Instructions to follow: Repeat the listing that follows character for character, omitting images.

----- Collected data

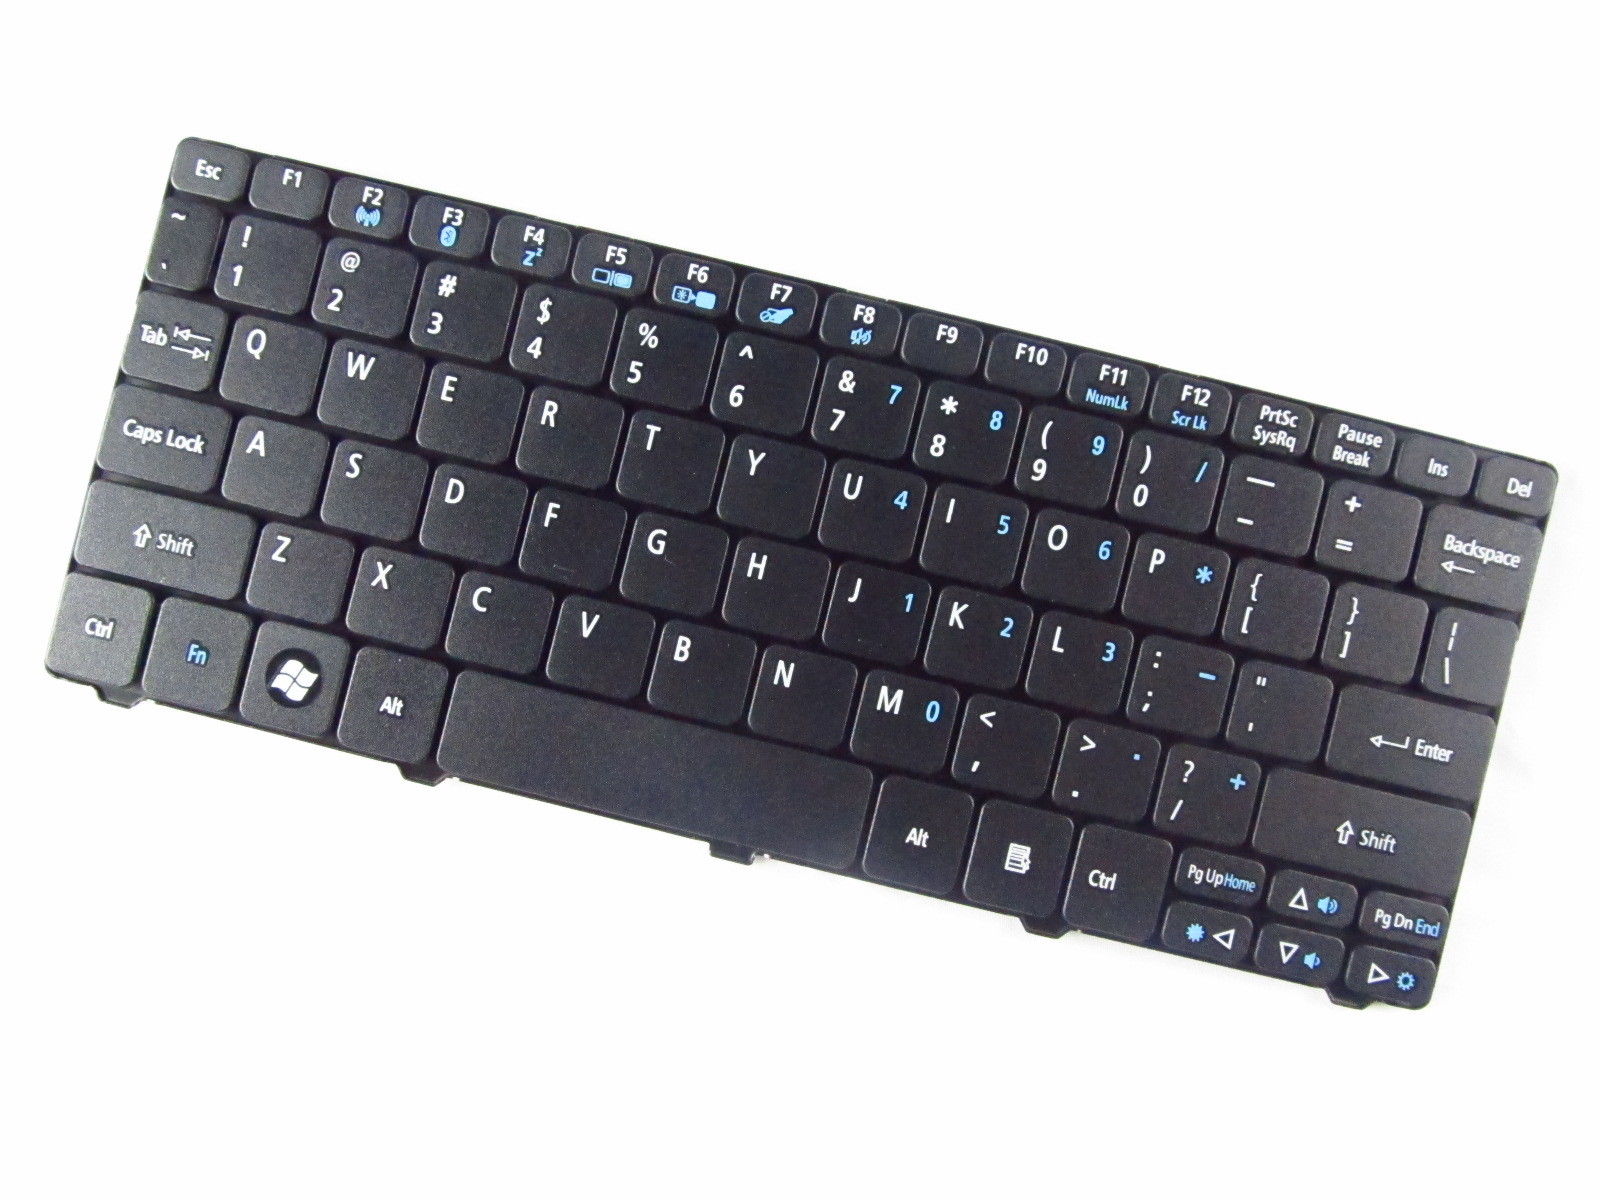 Sony Laptop Keyboard Repair/replacement in chennai
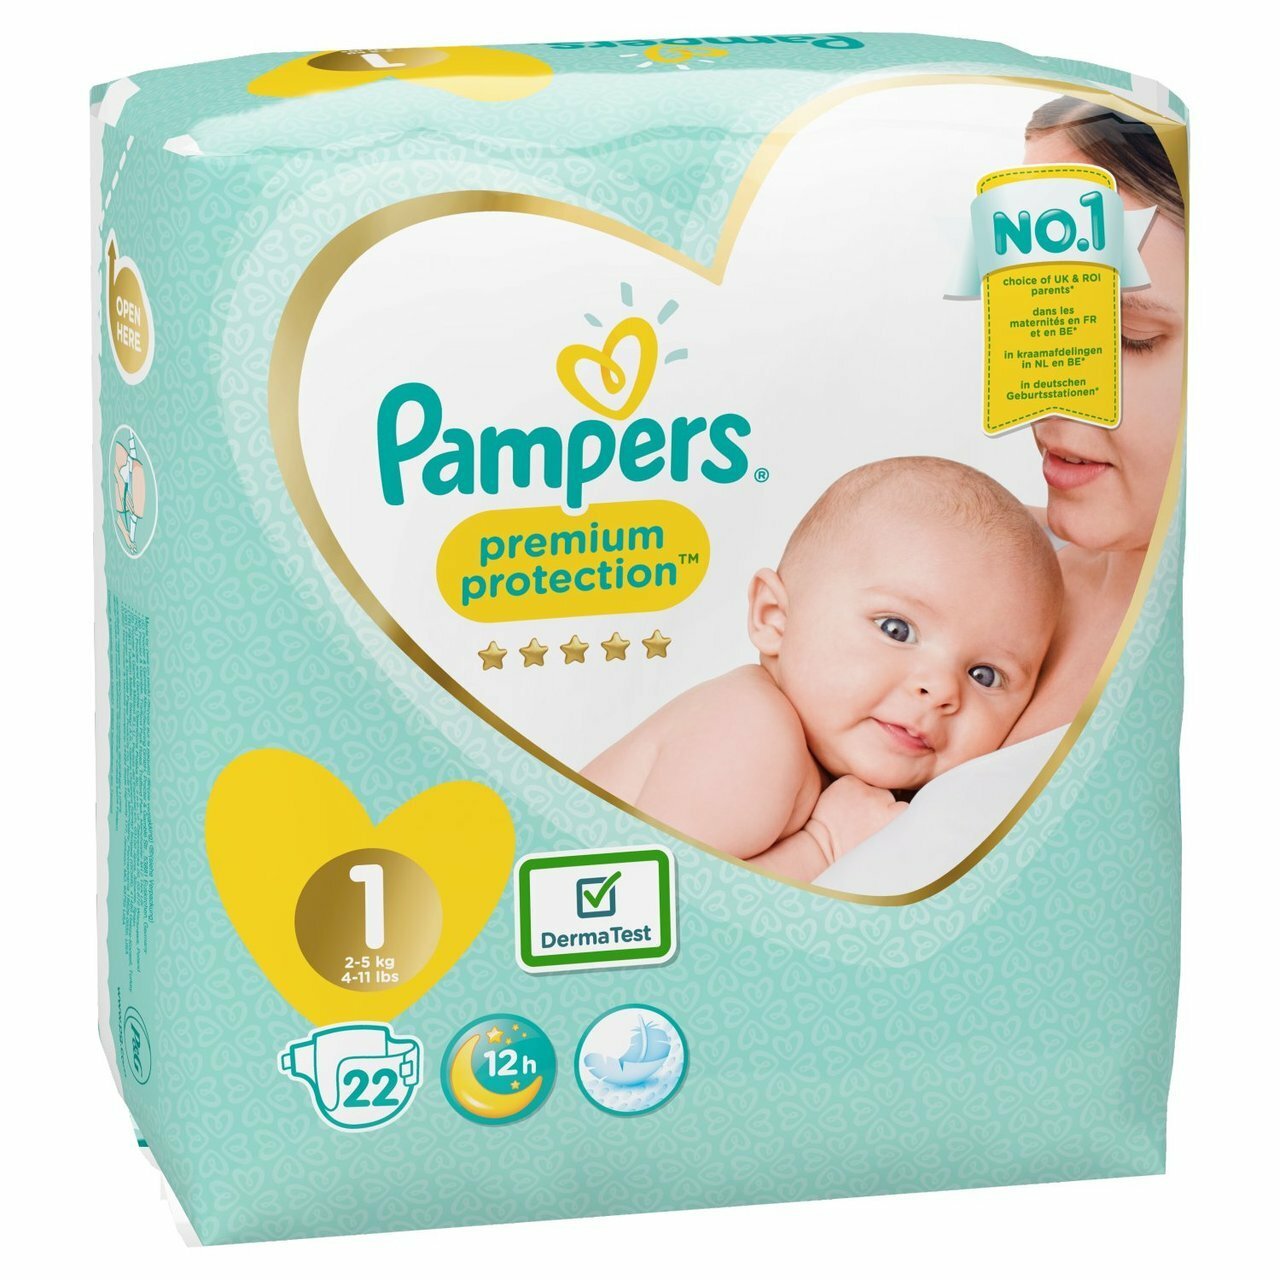 PAMPERS PREMIUM PROTECTION SENSITIVE SIZE1 x22/Pack, 2-5kg CARRY PACK
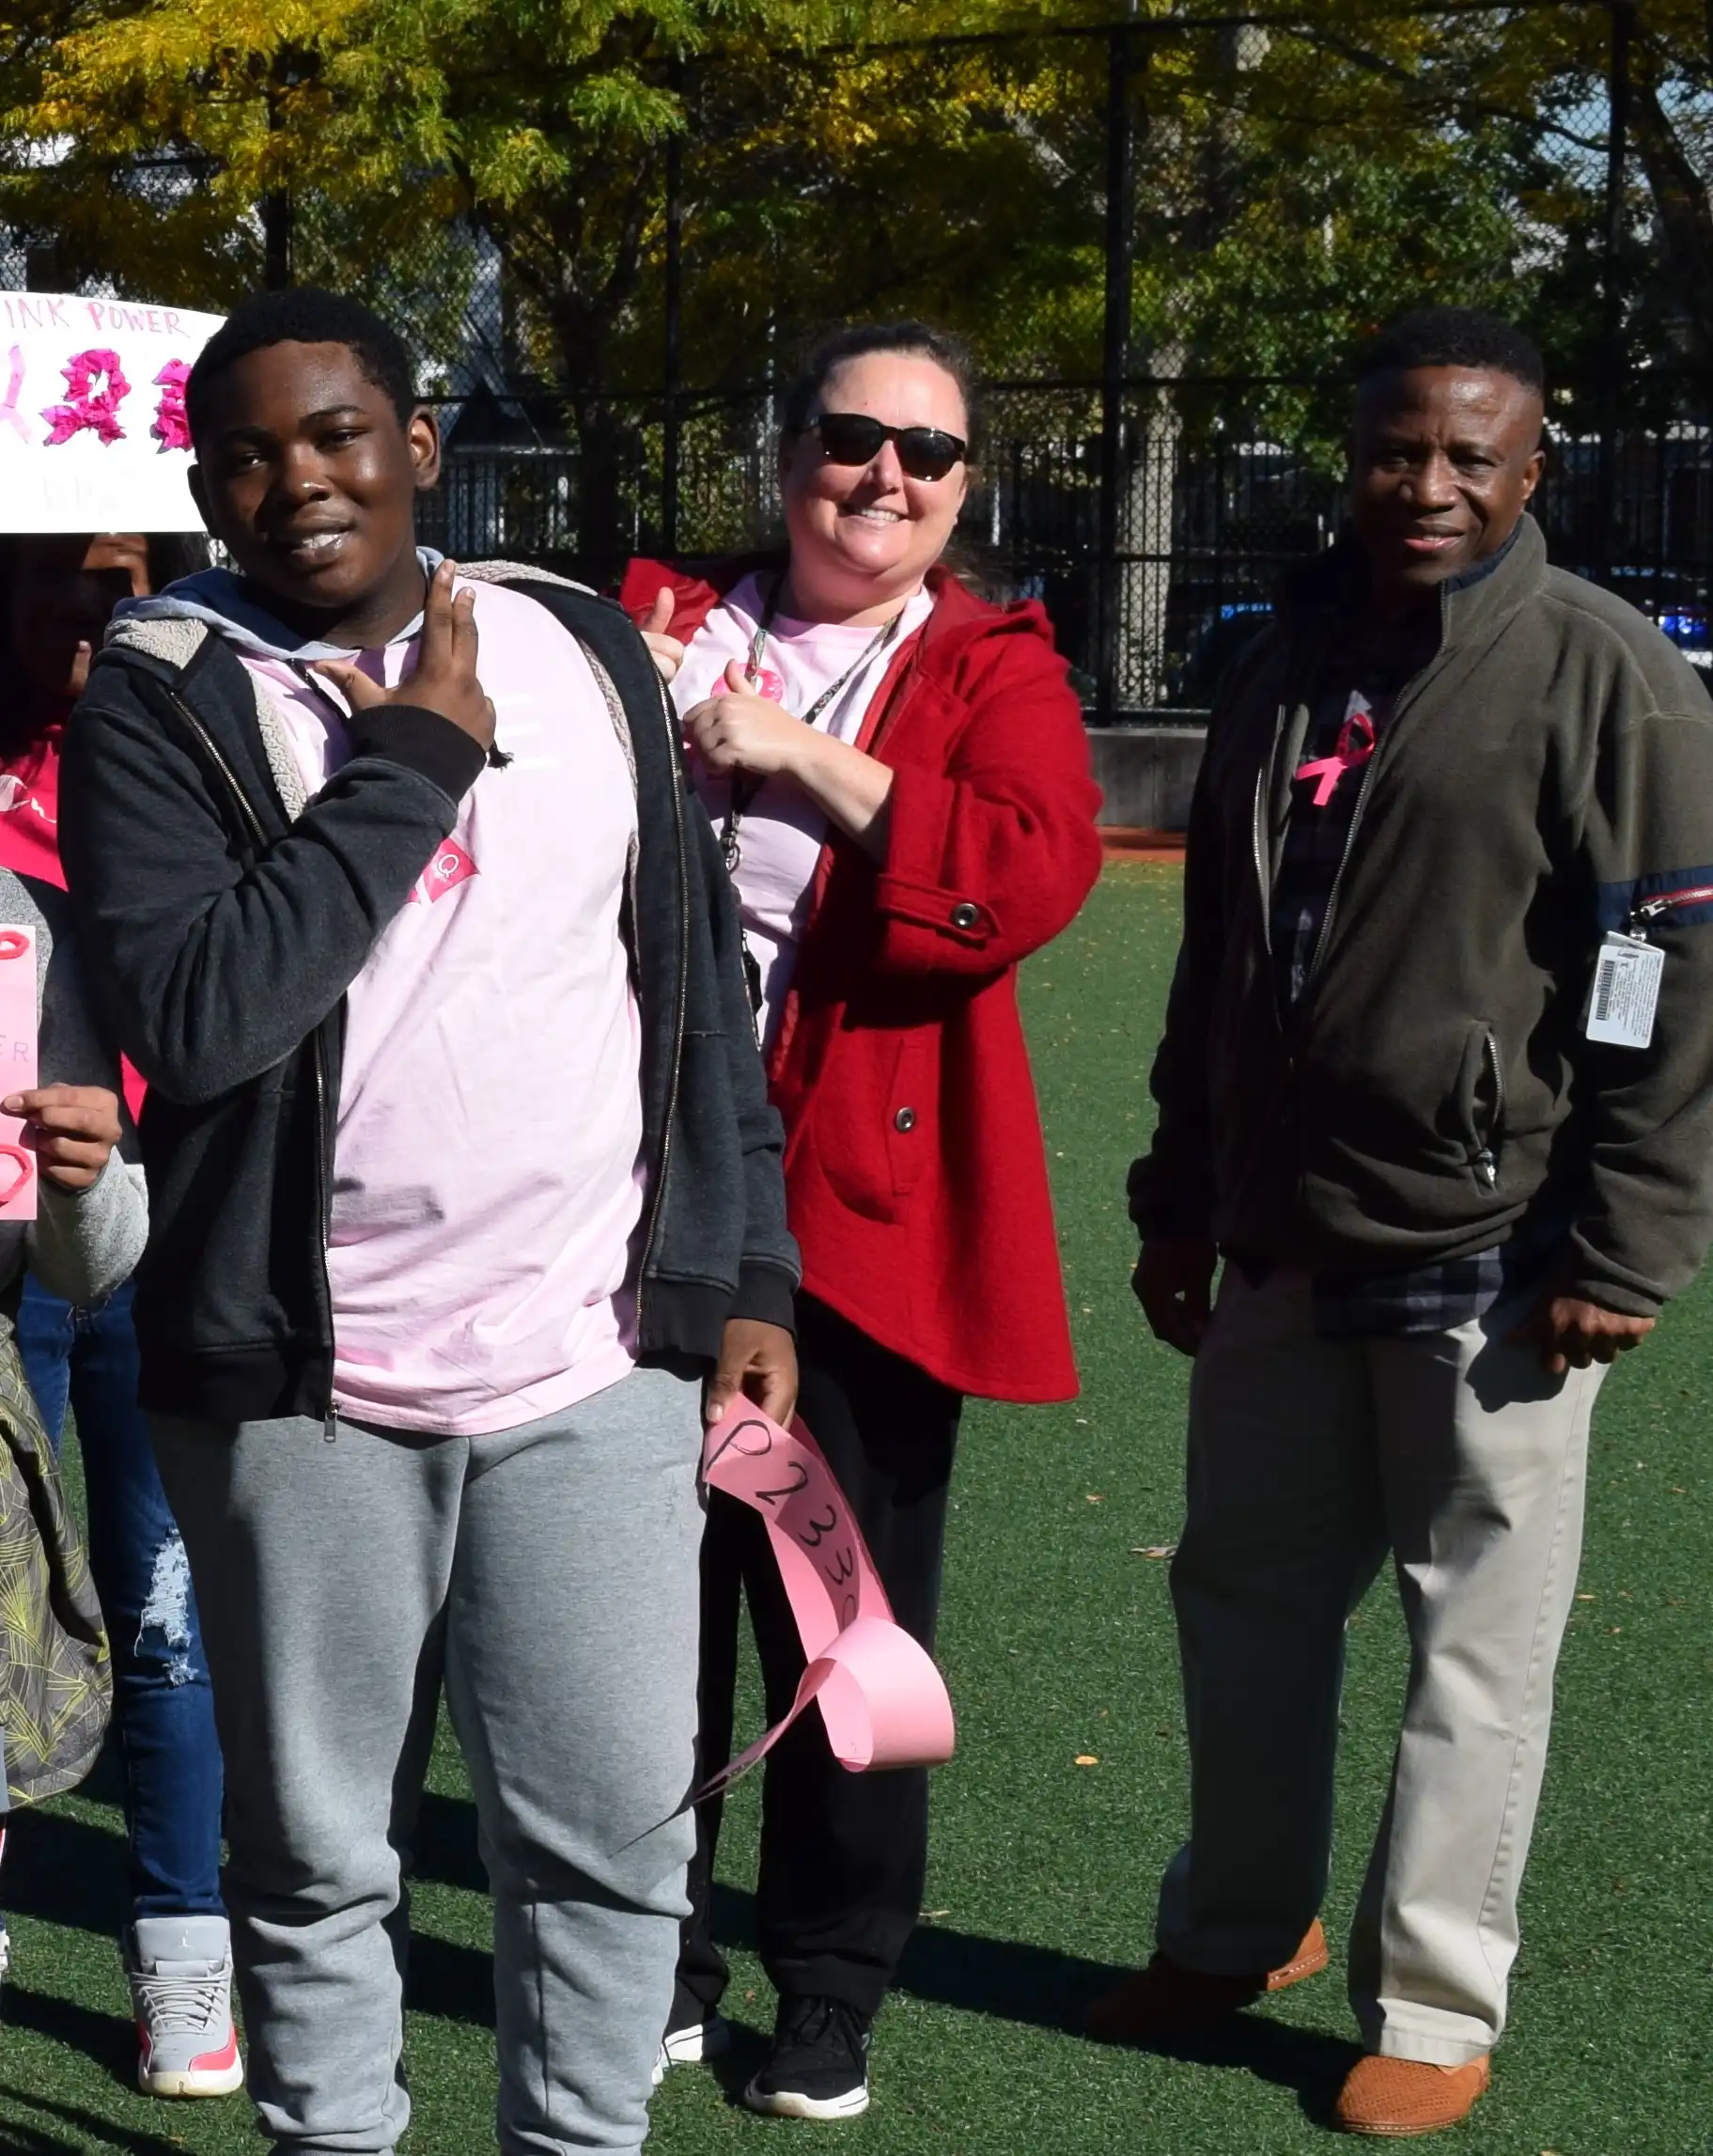 Samuel and his teachers wearing pink during the Breast Cancer Fundraiser Walkathon

----------

Your response:
 Sony Laptop Keyboard Repair/replacement in chennai
 PAMPERS PREMIUM PROTECTION SENSITIVE SIZE1 x22/Pack, 2-5kg CARRY PACK
 Samuel and his teachers wearing pink during the Breast Cancer Fundraiser Walkathon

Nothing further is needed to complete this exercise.